Title: Walt Whitman to the Librarian of Congress, 30 July 1884

Date: July 30, 1884

Whitman Archive ID: upa.00215

Source: Walt Whitman Collection, 1842–1957, Rare Book & Manuscript Library, University of Pennsylvania. The transcription presented here is derived from Walt Whitman, The Correspondence, ed.
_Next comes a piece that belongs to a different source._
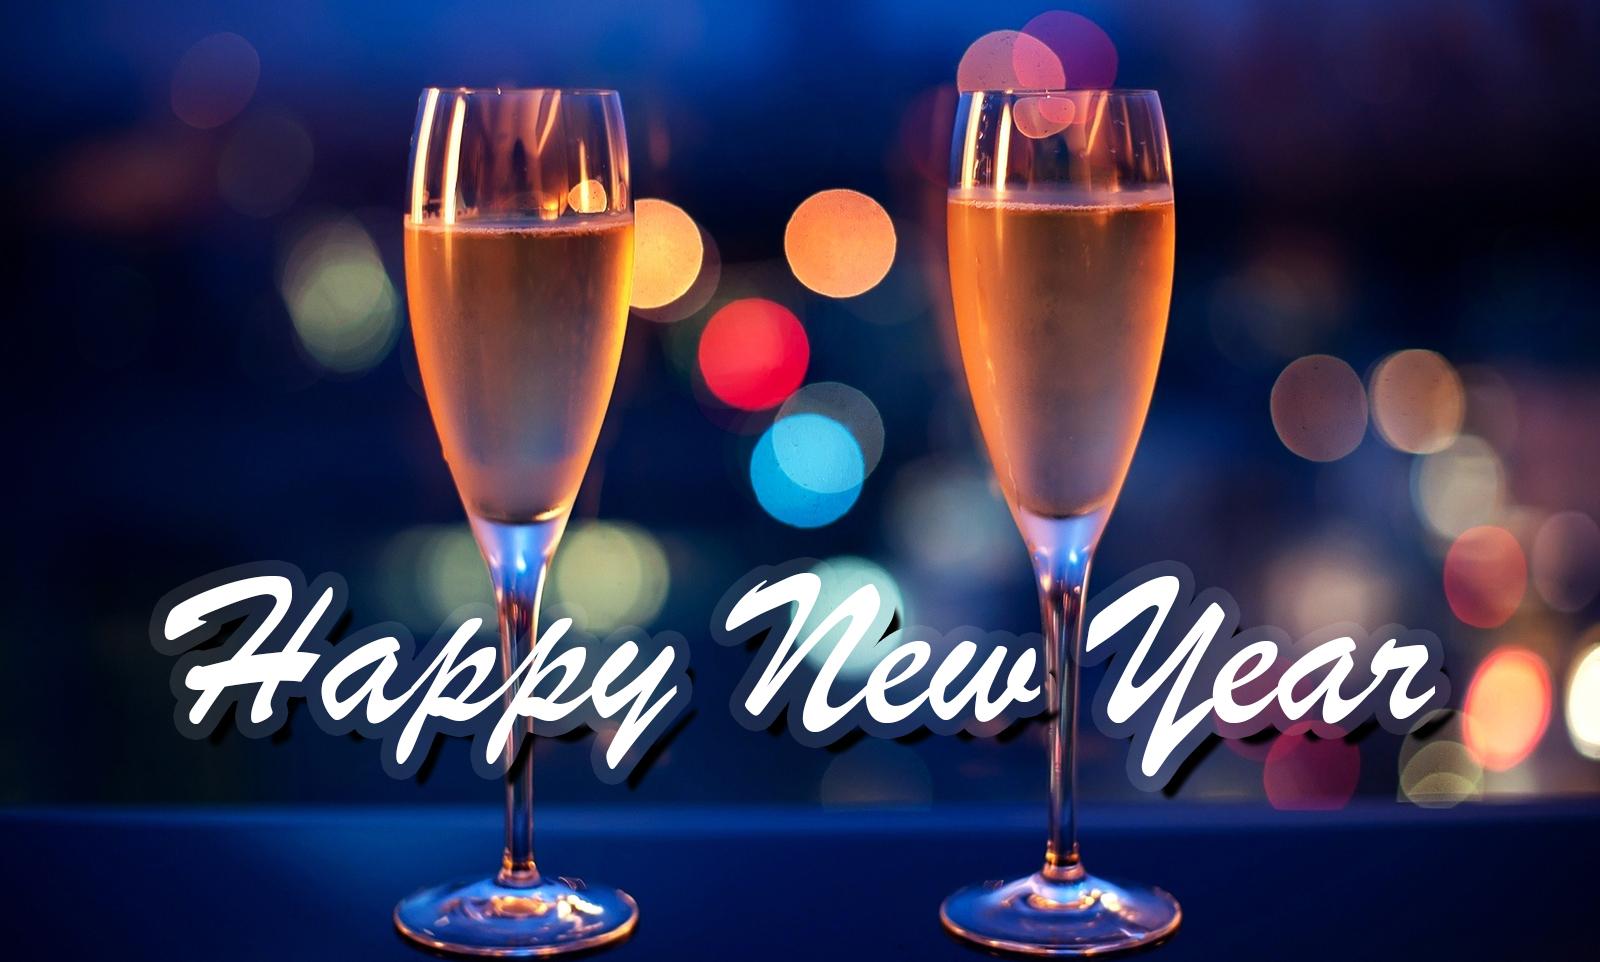 Hd wallpaper new 2017 - New Years Eve 2017 Wallpaper Hd Wines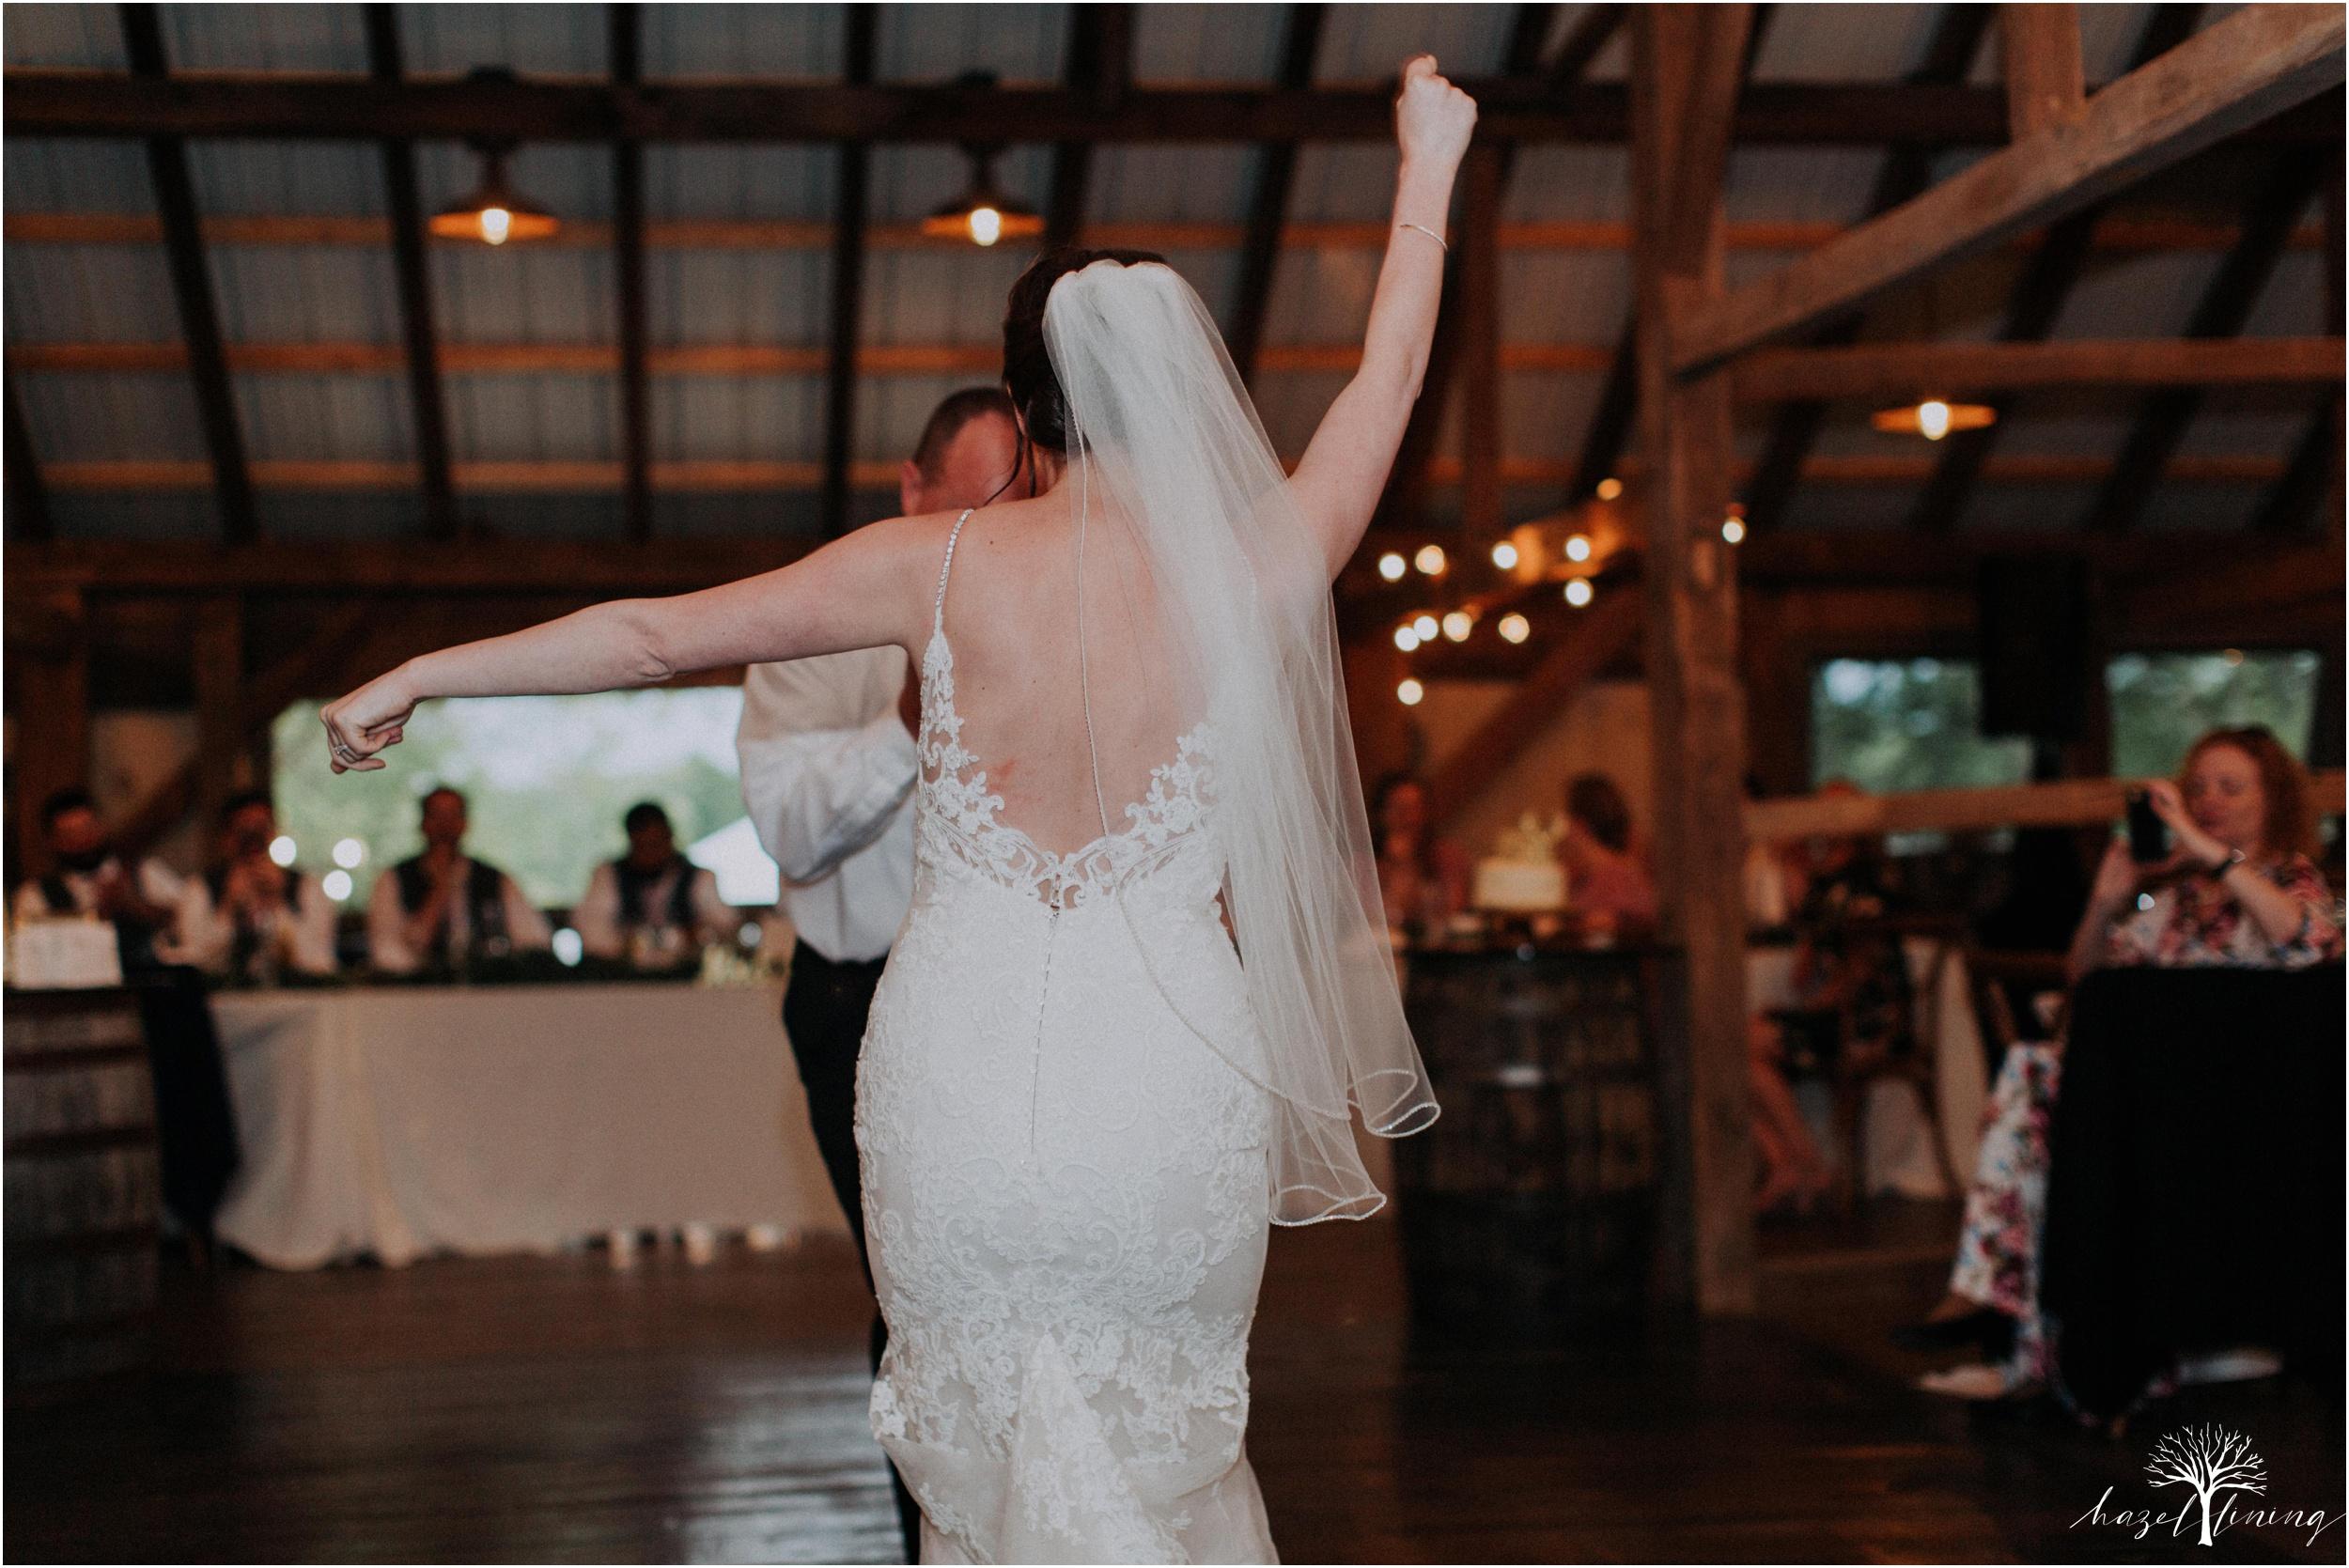 hazel-lining-travel-wedding-elopement-photography-lisa-landon-shoemaker-the-farm-bakery-and-events-bucks-county-quakertown-pennsylvania-summer-country-outdoor-farm-wedding_0130.jpg

Edwin Haviland Miller (New York: New York University Press, 1961–1977), 3:373. For a description of the editorial rationale behind our treatment of the correspondence, see our statement of editorial policy.

Editorial note: The annotation, "Copy of | letter sent Librarian of Congress | July 30 1884 | renewal granted & | rec'd by me.," is in the hand of Walt Whitman.

Contributors to digital file: Stefan Schöberlein and Kyle Barton




328 Mickle street1
Camden New Jersey
July 30 '84

Dear Sir

Please give me, (as under Section 6 of your Copyright Directions of 1882), the 14 years renewal of my copyright to the edition of Leaves of Grass granted Sept 11, 1856—Printed title page herewith enclosed—Please send me a certificate of such renewal—One dollar herewith enclosed.

Respectfully &c
Walt Whitman


Correspondent:
Ainsworth Rand Spofford (1825–1908) was Librarian of Congress from 1864 to 1897. In 1870, Spofford oversaw the transferral of American copyright records to the Library of Congress, also stipulating that two copies of every publication registered for copyright would be housed at the Library of Congress. Whitman suspected that Spofford did not care for the poet or his work; he told Horace Traubel that the librarian "has no use for me" and "suspects my work, sees no excuse for it" (Horace Traubel, With Walt Whitman in Camden, Saturday, May 5, 1888).